Absences may disqualify disabled employee
Employees who suffer from disabilities as defined in the ADA or serious health conditions as defined in the FMLA enjoy some job protections. But those protections are not unlimited.
Protections include the right to reasonable accommodations to perform the essential functions of a job under the ADA and the right to return to one’s job or an equivalent one after taking FMLA leave.
However, an employer may be legally entitled to fire an employee whose condition means she will be frequently absent following FMLA leave or can’t perform essential functions of the job because of disability-related absences. Here’s how that played out in a recent case.
Recent case: Joanne took FMLA leave for a serious health condition. Her doctors certified she would need to continue taking time off for additional treatment once she returned to work.

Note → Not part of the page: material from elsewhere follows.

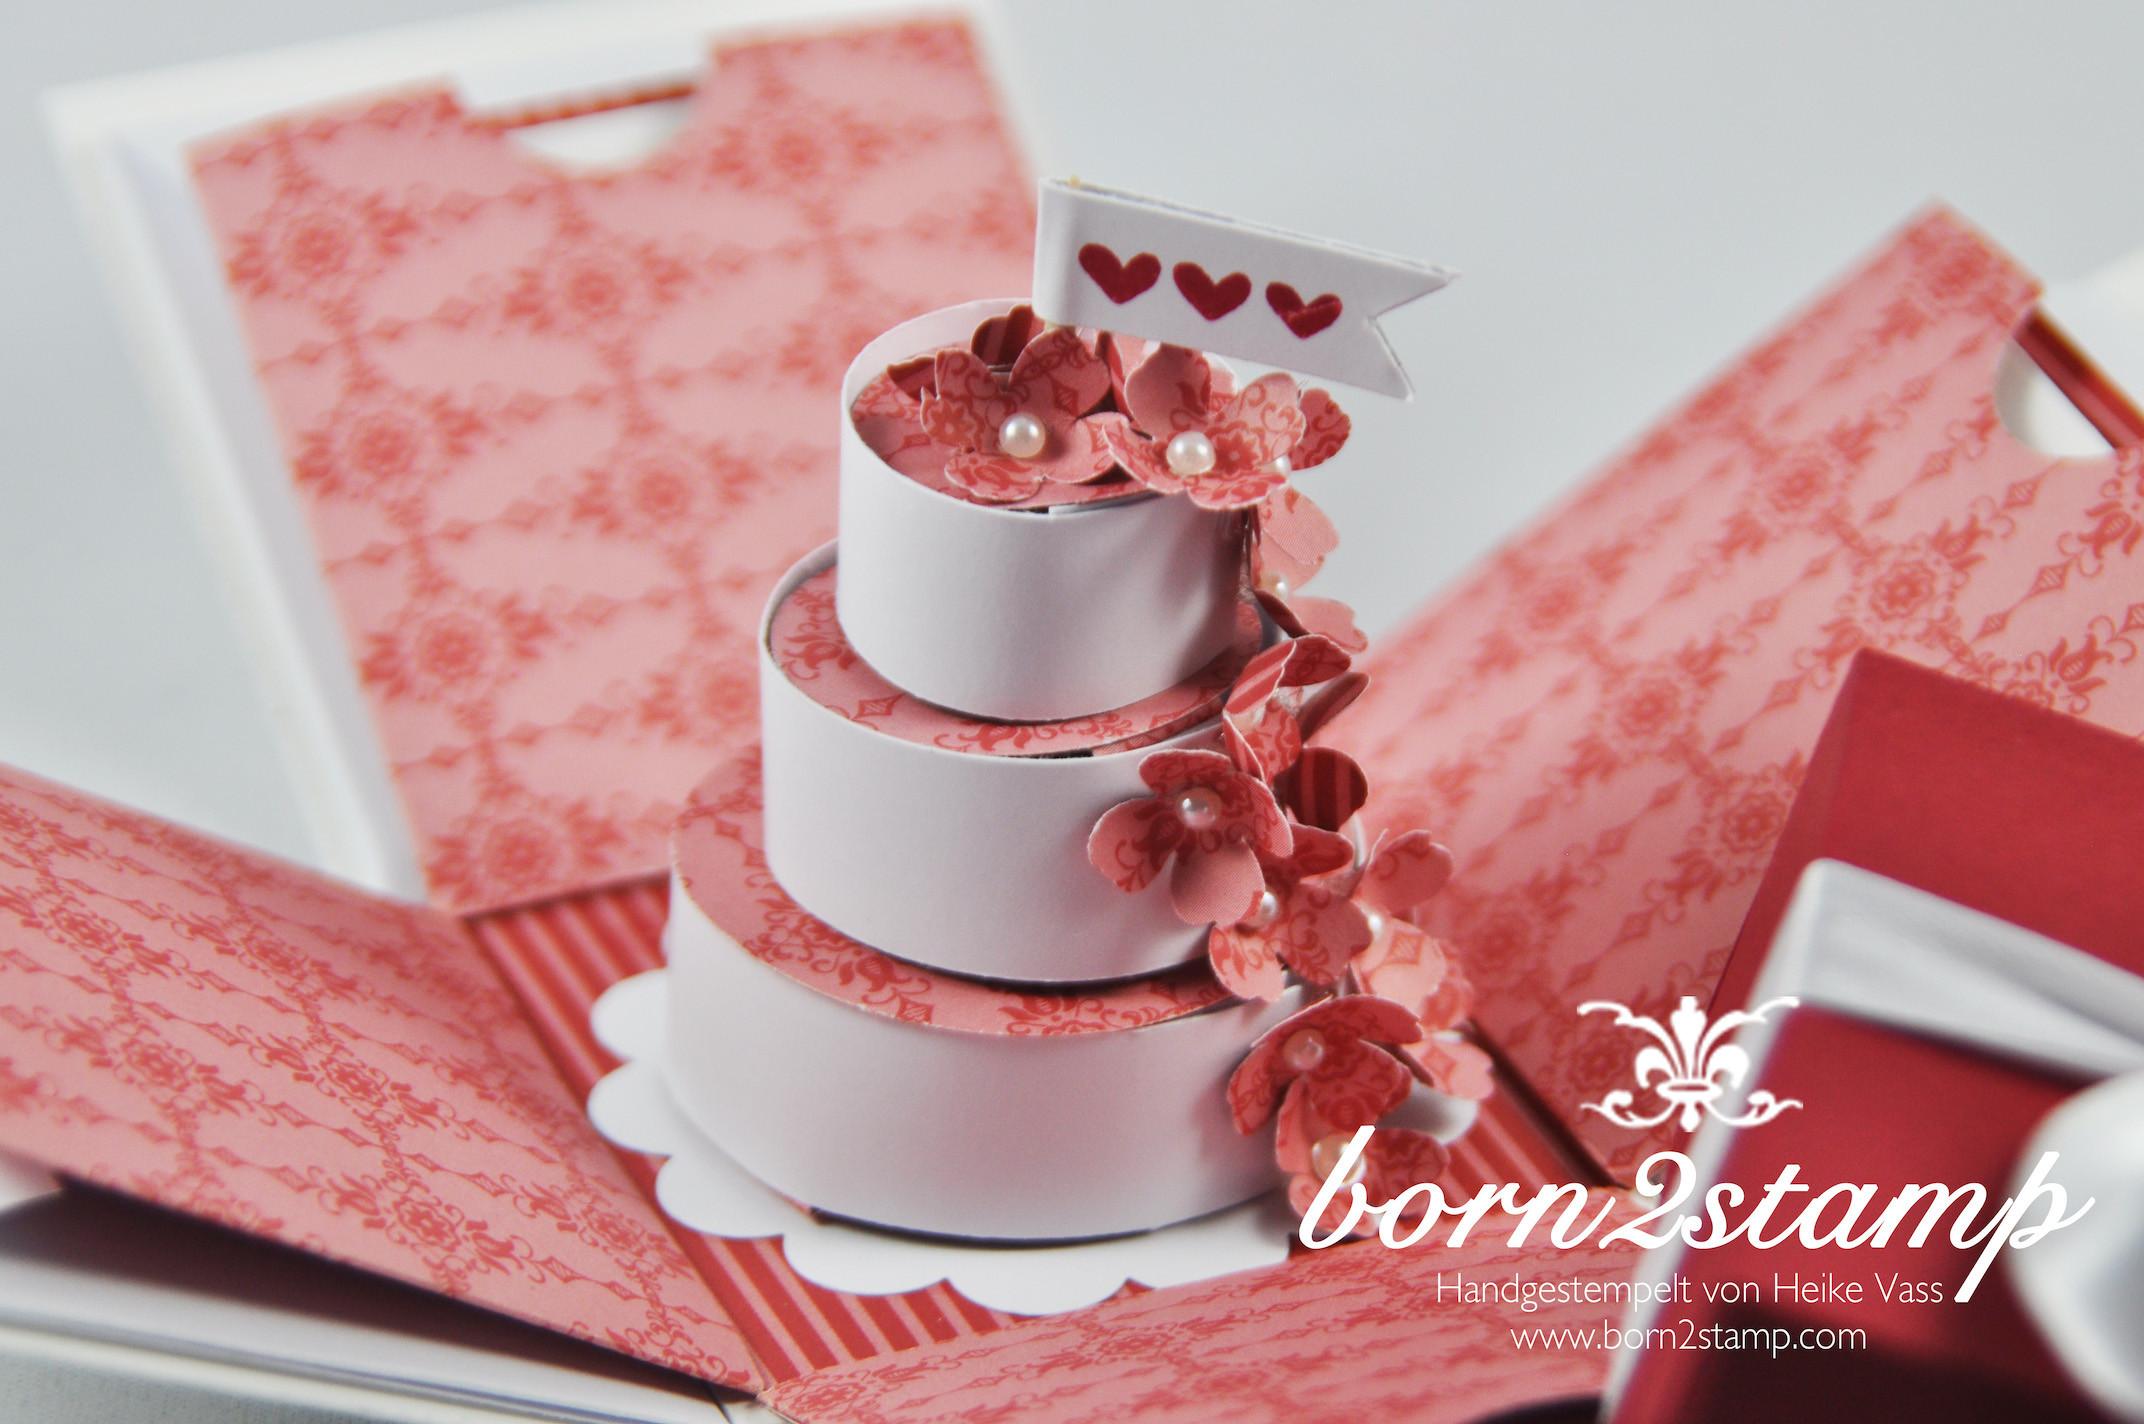 Explosionsbox Hochzeit Anleitung  Explosionsbox zur Hochzeit born2stamp

Her employer concluded that Joanne could not return to her job as a supervisor because continued absences would mean she was not qualified to perform the job. After all, supervision requires being present at work. Joanne was terminated and she sued.
The employer argued it could not come up with an accommodation that allowed Joanne to miss work without advance notice and still supervise subordinates. Thus, it reasoned, Joanne was not a qualified employee under the ADA, nor was she entitled to reinstatement to a job that she could no longer do due to continued absences.
The court agreed and dismissed Joanne’s lawsuit. (Ogden v. PUD, 9th Cir., 2018)
Final note: For jobs that require a worker’s physical presence, attendance remains an essential function. Yes, the worker may be entitled to 12 weeks of FMLA leave until that leave has been exhausted. But she may not always get her job back.